→ **RECORD SET**:
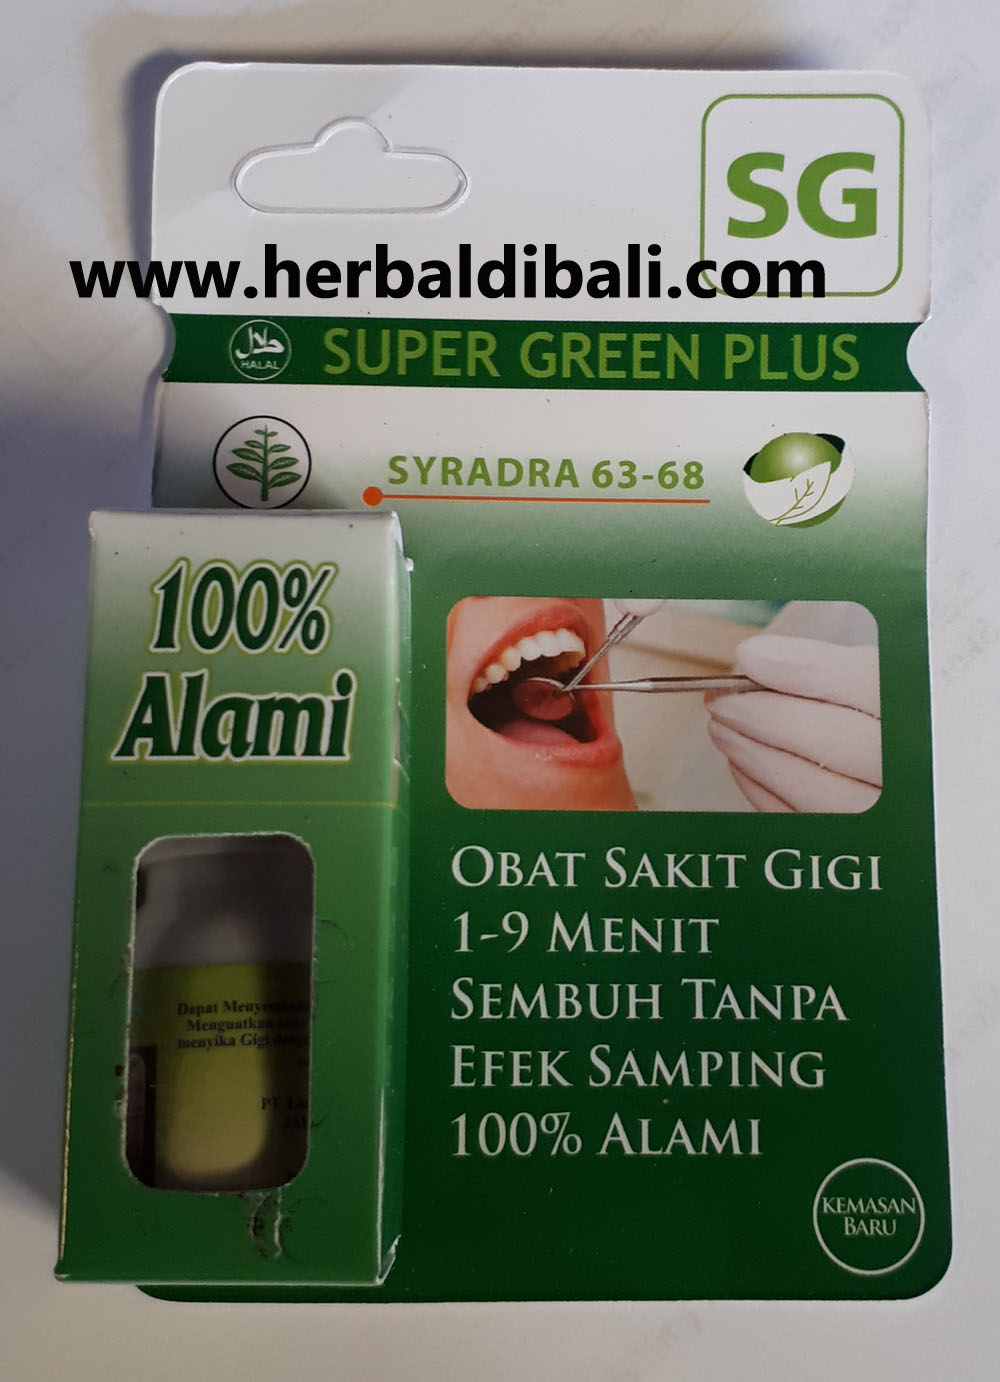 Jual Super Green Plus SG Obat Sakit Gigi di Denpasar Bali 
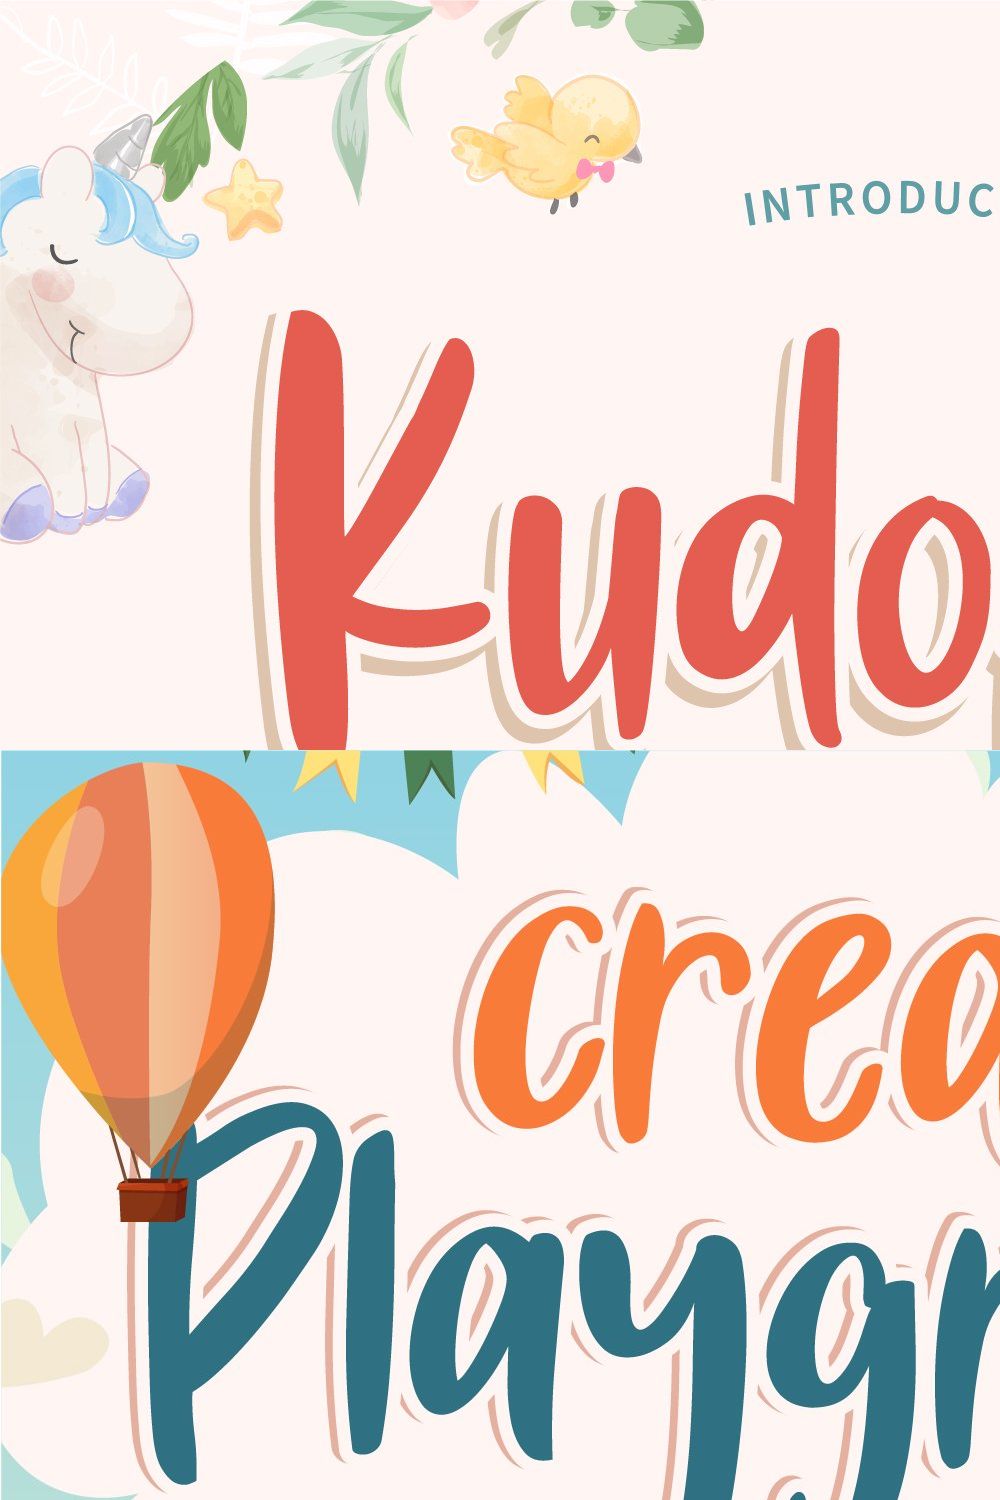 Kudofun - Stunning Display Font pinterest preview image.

---

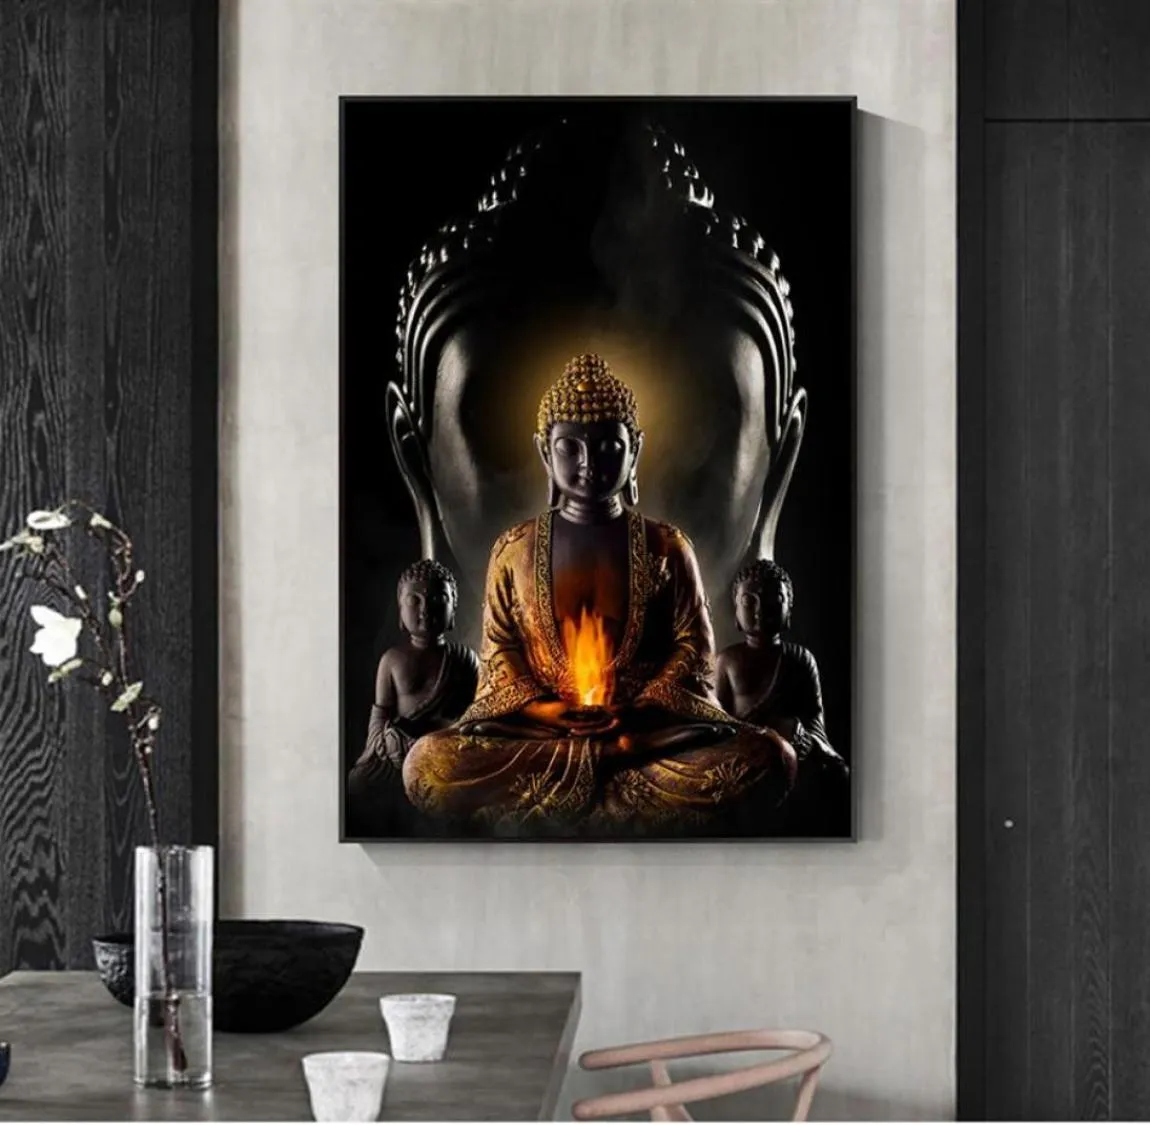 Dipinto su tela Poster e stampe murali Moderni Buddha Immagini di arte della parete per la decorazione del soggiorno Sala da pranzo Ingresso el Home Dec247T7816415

→ **PROBLEM DETAILS**:
Please return the data above exactly as it stands from the line with "Jual Super Green" to the line with "Kudofun - Stunning", keeping both of those lines but none of the pictures.

→ **RESPONSE TO THE EXERCISE**:
 Jual Super Green Plus SG Obat Sakit Gigi di Denpasar Bali 
 Kudofun - Stunning Display Font pinterest preview image.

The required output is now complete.